24  Genre Conventions

Statisticians spend a lot of time writing about their analyses and results so that bosses, clients, coworkers, or students can read and understand their work. For many statisticians, being able to clearly write and explain their work is just as important as being able to do the work. But every genre of writing—statistical report, romance novel, reddit post, history exam essay, literary criticism, or news article—has its own conventions and styles. You may be a good writer for another genre, but statistical writing is different, and you shouldn’t write a statistical report like you’d write an essay for your high school English class.

In this chapter we will review some of the basic features of common styles in statistical writing. This is not a writing course, though (and you should consider taking a writing course!). For a more comprehensive reference, consider Nolan and Stoudt (2021).

24.1 IMRaD structure

IMRaD is a common organization for statistical reports (and research reports in other fields). IMRaD stands for Introduction, Methods, Results, and Discussion, plus perhaps an abstract or executive summary. It became a common style for scientific papers in the 1940s, and by 1980, almost every medical journal article followed the format (Sollaci and Pereira 2004). By now, many articles using data to answer scientific questions, in many fields, follow the IMRaD format either exactly or with slight modifications.

Popularity is not, in itself, a reason to follow the format. But it has two great advantages:

  • As you learn how to write, having a defined format will make it easier for you to organize your ideas in a way that is coherent and logical.
  • Following a common format means your readers will know what to expect in each section and will know where to look to find things.

Let’s examine each section in turn.

24.1.1 The abstract and executive summary

In writing for academic audiences, the convention is for articles to begin with a short abstract that summarizes the paper and its conclusions. To understand what should go in an abstract, it may be helpful to consider how they were used for much of the 1900s. Before scientific papers could easily be downloaded from the Internet, when finding a paper you are interested in required calling libraries and requesting a photocopy be mailed to you, there were abstracting services. These compiled the abstracts of papers published in a particular field and mailed them to subscribers periodically. Subscribers could read through the abstracts, find papers of interest to them, and then go about finding or requesting a copy of the full article.

Abstracts, then, are meant to stand alone. They summarize what the article is about and what conclusions it reaches so the reader can decide if the paper is relevant to them. The abstract should not contain acronyms only defined later in the report, mathematical formulas, figures, or tables, and it should be limited to a few paragraphs at most. Many academic journals limit abstracts to 250 or 500 words. Because abstracts are often the first thing a reader will see—and will determine whether they bother to read the rest of your work—it is important to ensure they are clear and interesting.

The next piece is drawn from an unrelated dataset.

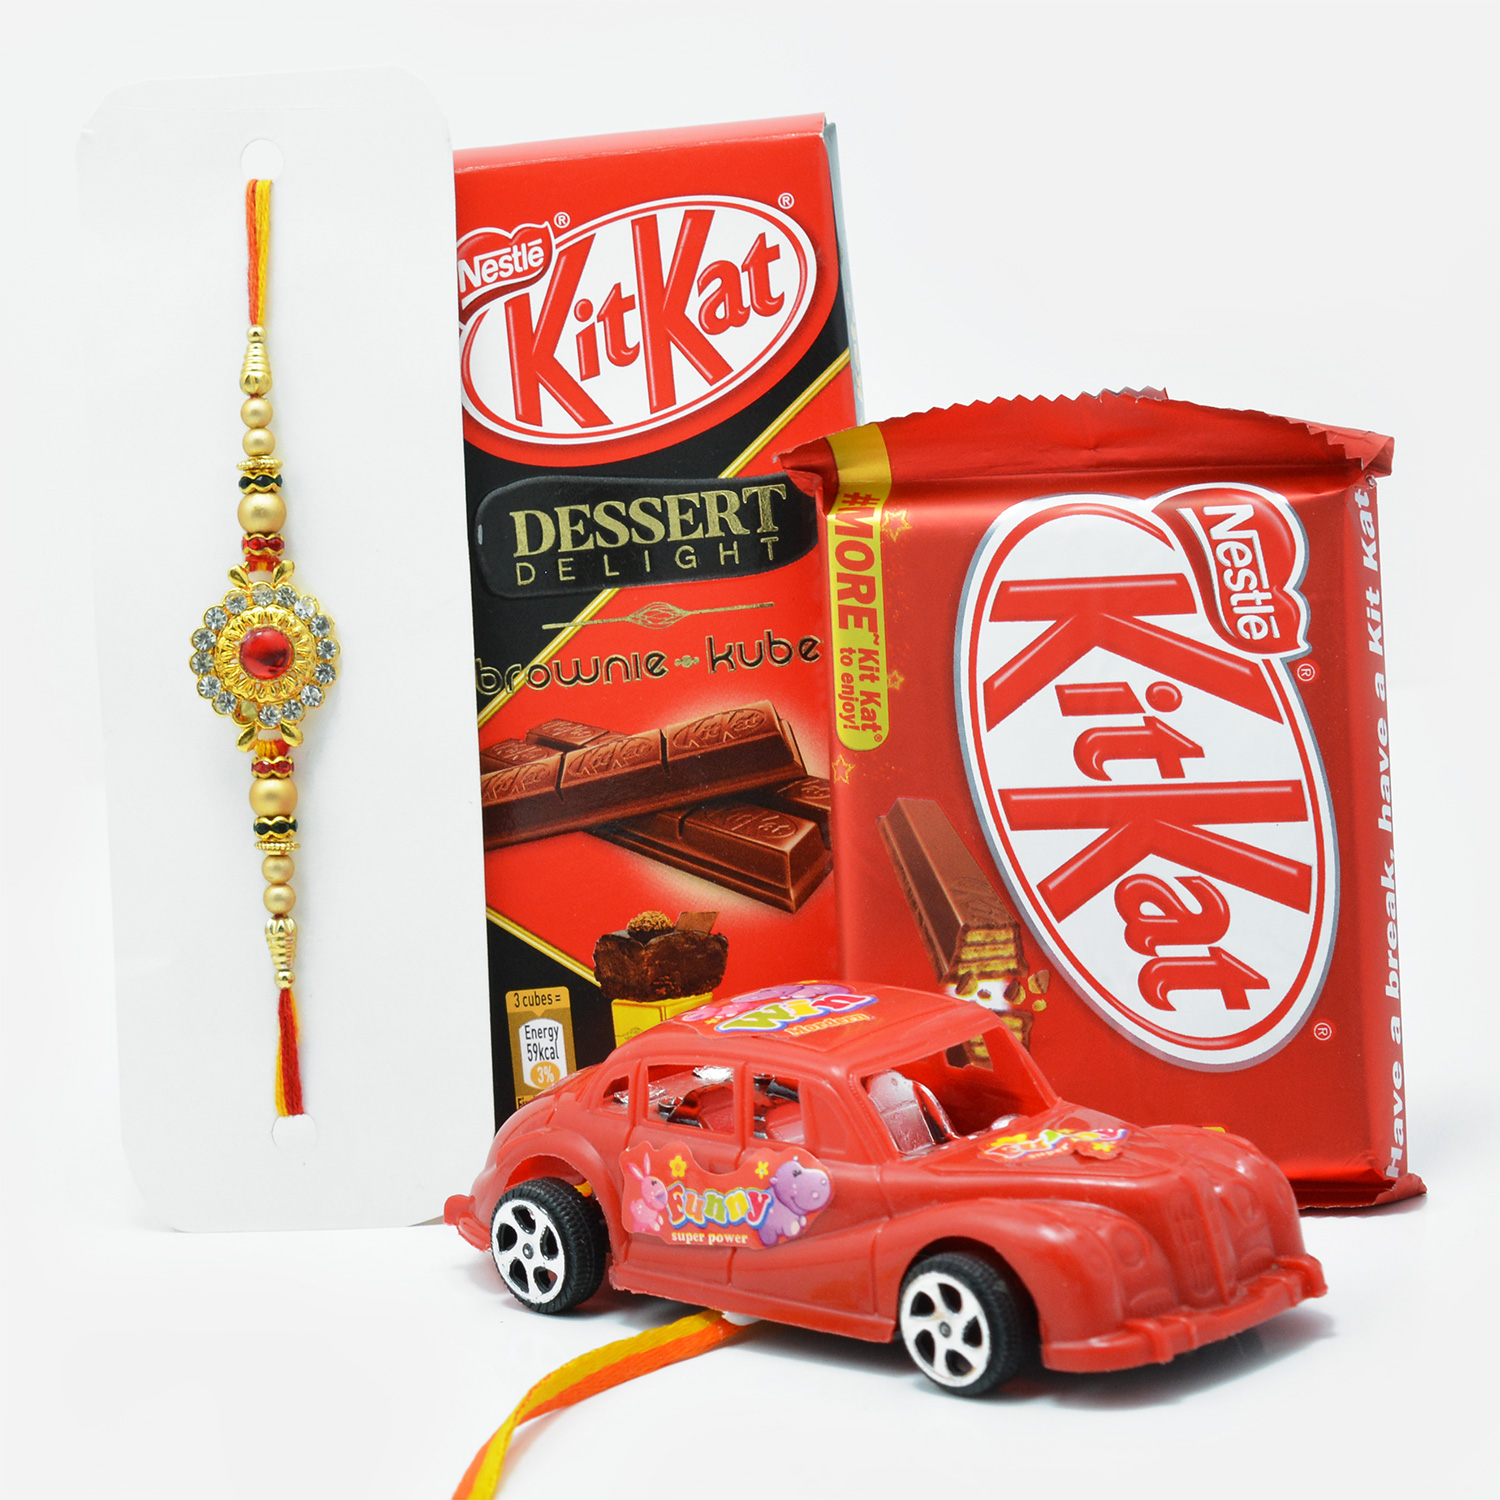 Car Kids Rakhi and Golden Bhaiya Rakhi Set of 2 with Kit-Kat Chocolates
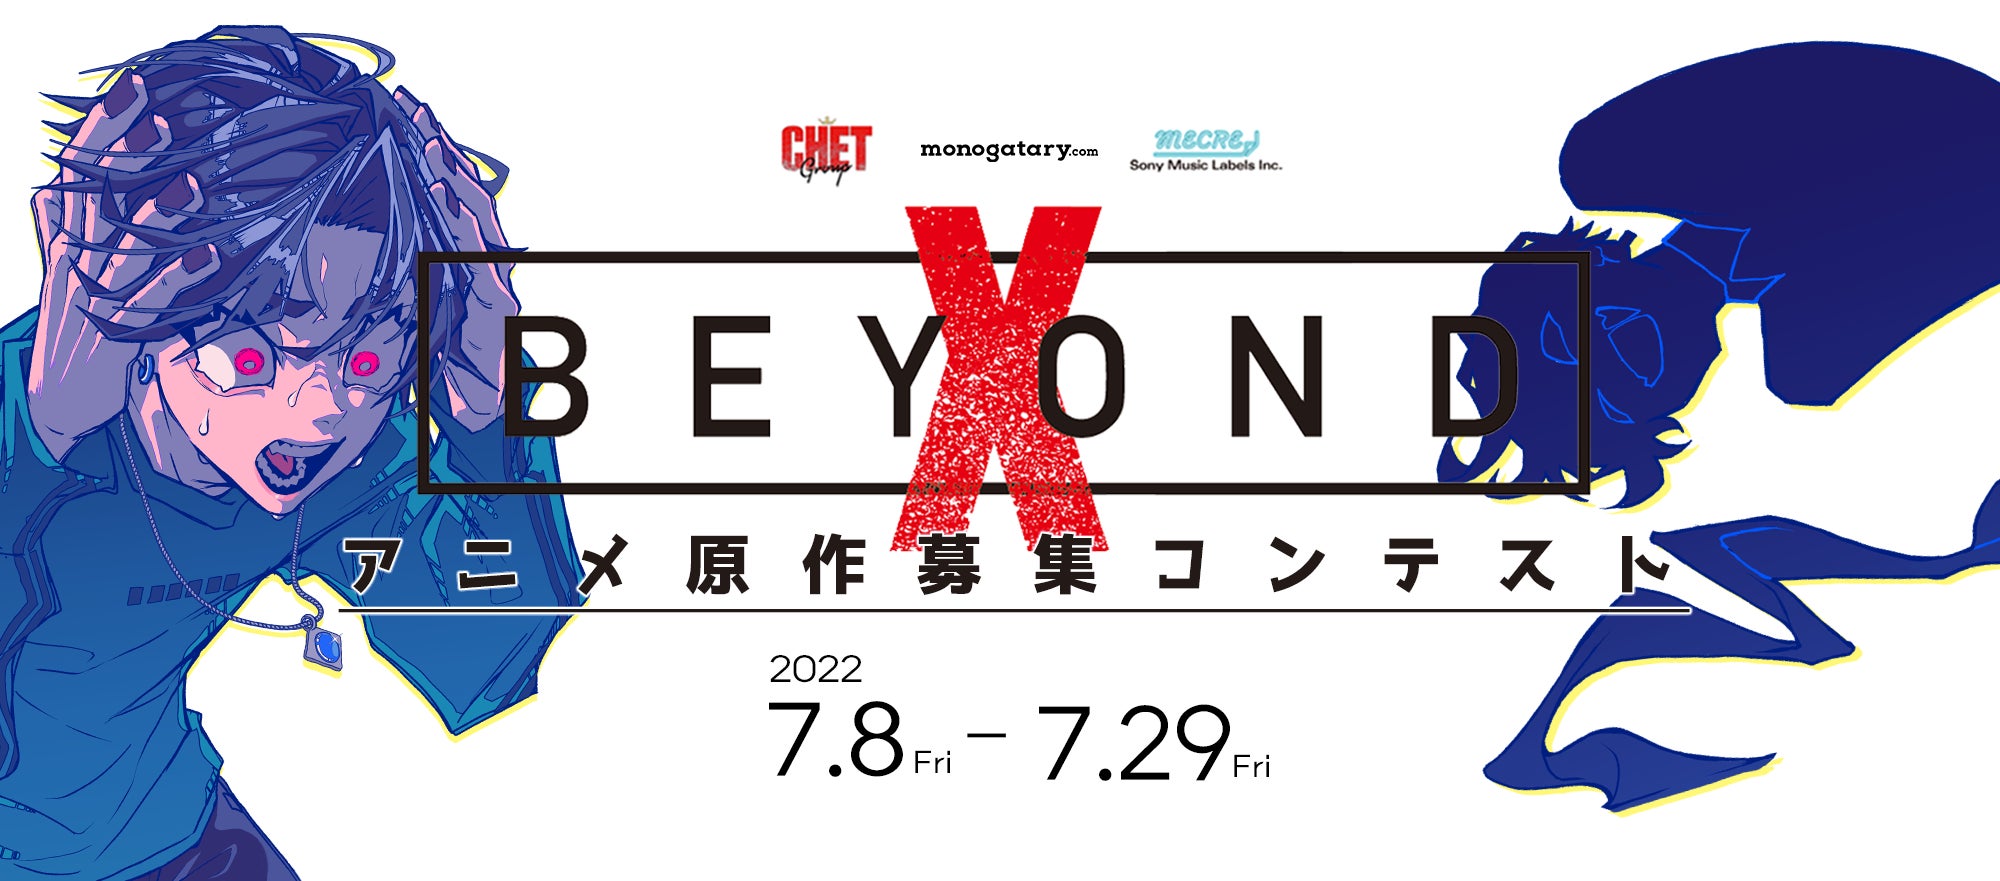 ソニーミュージックとCHET Groupの共同プロジェクトX BeyondのTVアニメの原案がをmonogatary.comにて本日募集開始！

For example, here is an abstract from the journal Psychological Science, reporting on experiments studying an important topic:

The current work estimated the relative importance of joke and audience characteristics for the occurrence of amusement. Much psychological research has focused on stimulus characteristics when searching for sources of funniness. Some researchers have instead highlighted the importance of perceiver characteristics, such as dispositional cheerfulness. Across five preregistered studies (Ns = 118–54,905) with varied stimuli and perceiver samples (website visitors, students, Mechanical Turk and Prolific users), variance-decomposition analyses found that perceiver characteristics account for more variance in funniness ratings than stimulus characteristics. Thus, psychological theories focusing on between-persons differences have a relatively high potential for explaining and predicting humor appreciation (here, funniness ratings). Crucially, perceiver-by-stimulus interactions explained the largest amount of variance, highlighting the importance of fit between joke and audience characteristics when predicting amusement. Implications for humor-appreciation theories and applications are discussed. (Rosenbusch, Evans, and Zeelenberg 2022)

Notice how this abstract sets up the problem to be solved, its context in relation to previous psychological research, the studies that were conducted, a summary of the results, and how those results help resolve the problem. This is exactly what other researchers in the field would want to know, concisely described in just one paragraph. Without any of those individual components, the abstract would be much less useful to those readers.

Some journals require structured abstracts, which are abstracts broken into individual subsections mandated by the journal, each containing only a sentence or two. These force the authors to be more explicit in the abstract about their goals and methods, and can be useful for readers. Here is an example from BMJ:

Objectives To determine whether parachutes are effective in preventing major trauma related to gravitational challenge.

Design Systematic review of randomised controlled trials.

Data sources Medline, Web of Science, Embase, and the Cochrane Library databases; appropriate internet sites and citation lists.

Study selection Studies showing the effects of using a parachute during free fall.

Main outcome measure Death or major trauma, defined as an injury severity score > 15.

Results We were unable to identify any randomised controlled trials of parachute intervention.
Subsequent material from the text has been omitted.